Coinciding
with the annual meeting of the College Art Association in Los Angeles,
The Arts Research Center at UC Berkeley is hosting the offsite working
session "Making Time at Human Resources" on February 22, 2012. Participants have
been invited to post some brief thoughts on the topic in advance of the
event. This guest posting is by Associate Professor of Performance Studies at NYU, Tavia Nyong'o.
I have been mulling the historical and political contexts and consequence of our present fixation with “participation” — as the art world calls it — or “participatory culture” as it is referred to in media and cultural studies. In a well-known essay, Claire Bishop teased out one key assumption: that between participation and democracy. Indeed, participatory democracy, a cherished value of the new left, has received renewed attention due to its presence within the Occupy movement. As just these examples of art-, media-, and decision-making suggest, ‘participation’ concatenates and potentially conflates a wide variety of discrepant theories and practices. It is a more or less unquestioned value that also seems on the way to becoming a dominant structure of feeling.
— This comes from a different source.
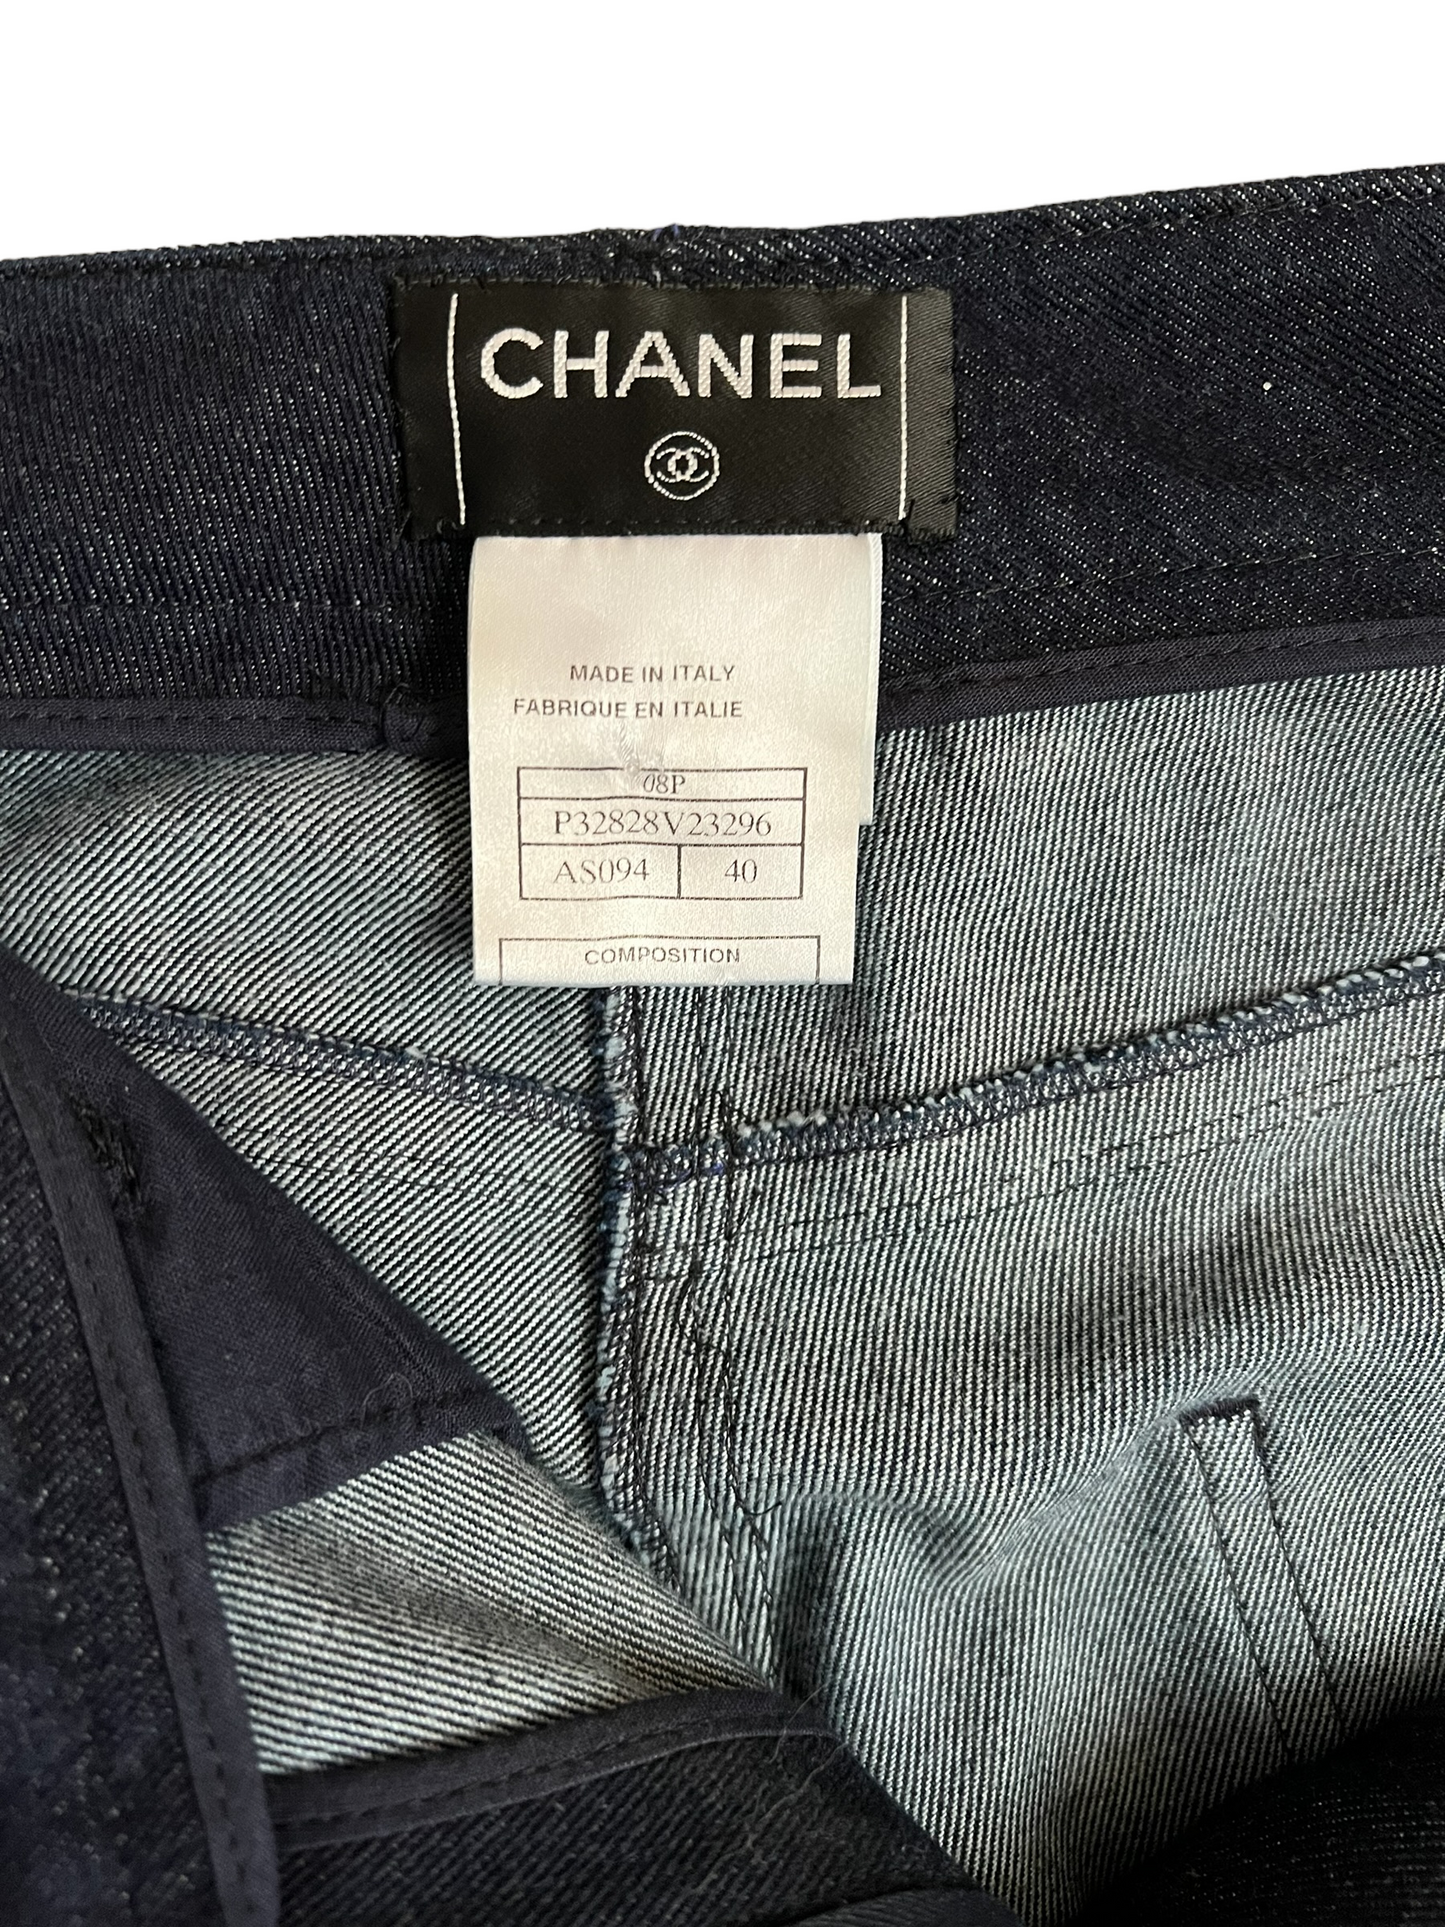 Chanel 08P Slim Leg Size 40 Jeans

In thinking through this state of affairs, I have been influenced by Jodi Dean’s critique of participation as what she calls a “neoliberal fantasy,” and would even pick up on her cue to connect participation to the genealogy of neoliberal governmentality. To do so would introduce a Foucauldian dimension to the analysis of participation, like governmentality, as “the conduct of conduct.” How do we mold ourselves into docile, useful bodies in the very process of acting out in concerted or networked agencies? For whom do these agencies accrue value (cultural, political, and monetary)?
I am not interested in wielding Foucault with a broad brush to paint all forms of participation an equal color of grey. But I am invested in a more patient and philosophical investigation into what it is we are doing when we tell ourselves we are participating. And I am equally interested in contemplating the Bartlebyan gesture. Is it still possible, in the era of participation, to “prefer not to”?